Mike Meyer mwm at mired.org
Thu Nov 3 17:38:26 CET 2011


On Thu, Nov 3, 2011 at 12:39 AM, Bruce Leban <bruce at leapyear.org> wrote:
> Here are issues to think about. You wrote:
>
> 'locking' value [',' value]*':' suite
> The list of values are the objects that can be mutated in this lock. An
> immutable object showing up in the list of values is a TypeError.
>
> However:
> (1) Greg Ewing gave an example sort of like this:
>
> new_balance = balance + deposit
> lock(balance)
> balance = new_balance
> unlock(balance)
>
> and pointed out that the locks don't help


Yup. You can't keep  people from writing code that's just wrong. But
they can't get it right if they don't add any locking at all.

> lock(balance)
> new_balance = balance + deposit
> balance = new_balance
> unlock(balance)

This case would still throw an exception, because what needs to be
locked isn't balance, but whatever balance is an attribute of. Unless
it's a local variable, in which case it doesn't need to be locked.
Given the code as is, balance needing to be locked would make it
global, so you'd lock the module. A more realistic implementation
would be if balance were self.balance, in which case you'd lock self.

> Consider this operating on lists:
>
> locking stuff:  #1
>     stuff += added_stuff
> locking stuff:  #2
>     stuff = stuff + added_stuff
>
> In #2, locking is completely useless. Sure the values are mutable but I'm
> not mutating them. Is it obvious that #1 works and #2 doesn't? You don't
> want to lock the *value* of stuff, you want to lock the *variable*, i.e.,
> locking globals() or wherever the value of stuff is found.

Right. Possibly "value" was the wrong choice for a placeholder in the
original description, because what you're actually locking is a
container of some sort.

> Locking globals() seems like a bad idea.  Which brings me to...
> (2) How does locking something like a dictionary work? Does it lock the
> dictionary and all the values in it, walking the entire data structure to
> lock it? Ypu suggest that's the case and that seems like a performance
> nightmare.

If I suggested that, then it was unintentional.

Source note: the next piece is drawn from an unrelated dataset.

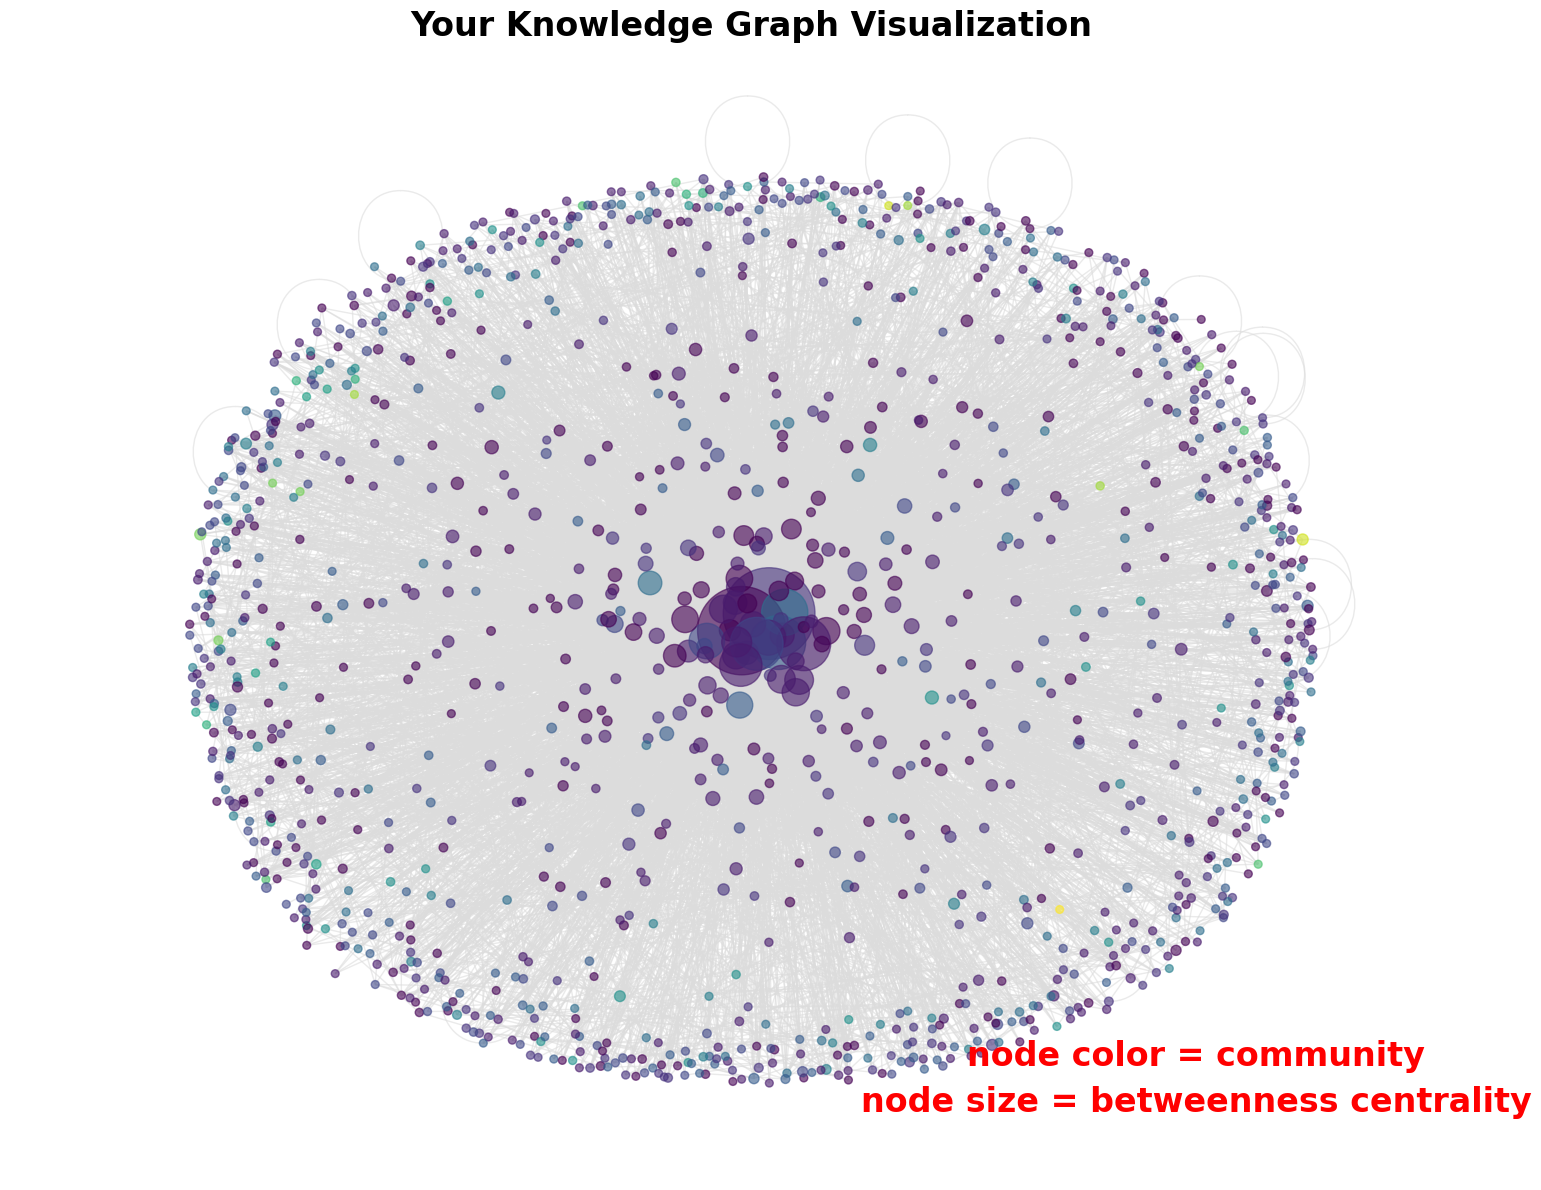 Betweenness centrality and community detection in the knowledge graph

Yes, it's a
performance nightmare. Locking a container just locks for changes to
set of contained objects. It's analogous to tuples being immutable:
you can't change the set of objects in the tuple, but if those objects
are mutable, you can change them. If you want to change an object in a
list/dictionary/etc - then you have to lock that object, but not the
dictionary.

Given
>
> x = [1, 2]
> d = {3: x, 4: 5}
>
> How do I lock d[3]? That is, I want to lock the dictionary slot where the
> value of d[3] is stored so another thread can't do d[3] = 0. If I write
>
> locking d[3]: # do stuff
>
> that's going to lock the value of x. Another thread won't be able to do
> x.append(0) but they would be able to do x = 0 or d[3] = 0. If I have to
> write
>
> locking d: # do stuff
>
> that hampers concurrency.

Yes, it does. But so does any form of locking.

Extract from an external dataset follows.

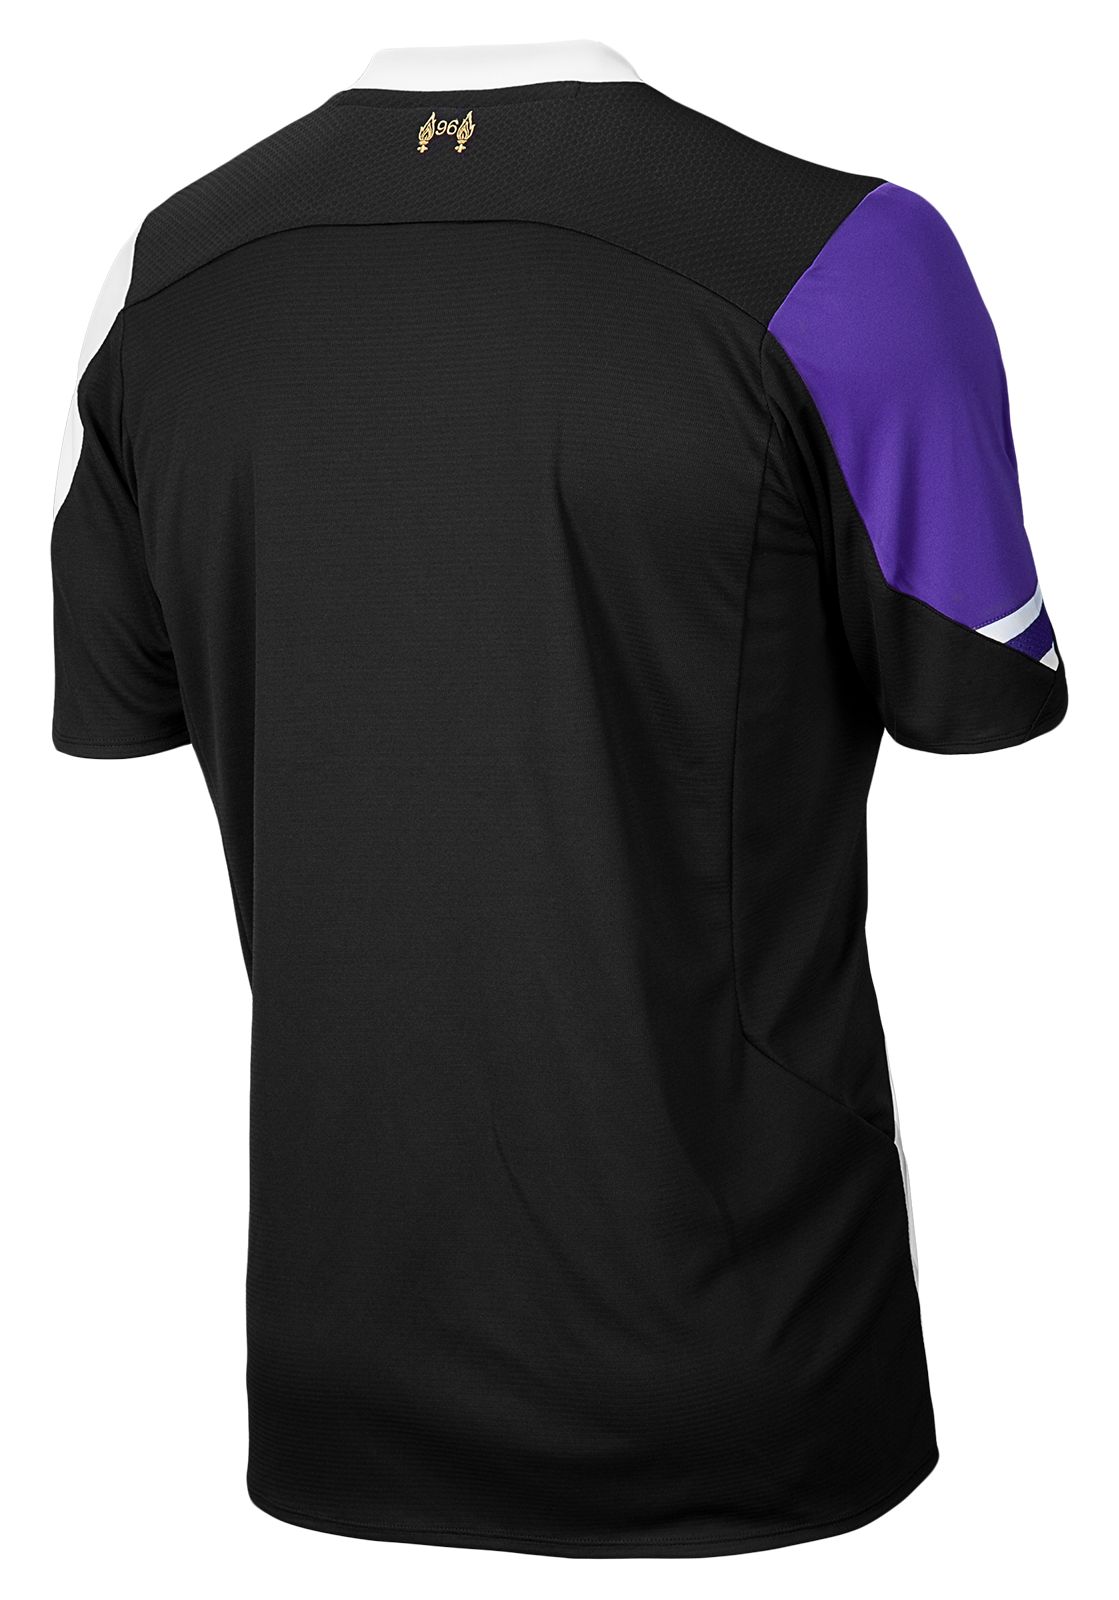 Liverpool 3rd Short Sleeve Jersey 2013/14, Anthracite with Prism Violet & White image number 0

This proposal locks objects. Changes that don't change the object -
even if they might change it's value by changing a contained object -
aren't locked, because of the expense you pointed out. If there's some
different level of granularity for locking that makes sense, I don't
know what it is.

> If I can lock the dictionary slot d[3], can I lock
> list slots? After all, the compiler doesn't know they type of d. How do I
> lock just an attribute without locking the whole object?

Attributes are names. You don't lock names, you lock objects. To
prevent binding of an attribute, you lock the object it's an attribute
of. If you want to prevent mutating the value of the object bound to
the attribute, you lock that object.

> (3) What happens if one thread does:
>
> locking d, x: # stuff
>
> and another does
>
> locking x, d: # stuff

That one I dealt with in the specification. There's an implementation
requirement that if two locking statements share objects, the shared
objects have to be locked in the same order. So one of the two will
lock things in the opposite of the order they appear in the statement.

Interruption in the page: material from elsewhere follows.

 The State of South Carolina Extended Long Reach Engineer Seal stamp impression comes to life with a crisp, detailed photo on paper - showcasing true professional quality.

> I think I know the answer and it's "deadlock".

No, avoiding deadlock is one of the goals. That's why that requirement
exists, and there's a further requirement that you can only nest
locking statements if the inner one locks a subset of the outer one.

I have as yet to work out how an automatic STM version (this wasn't in
the original proposal) would interact here.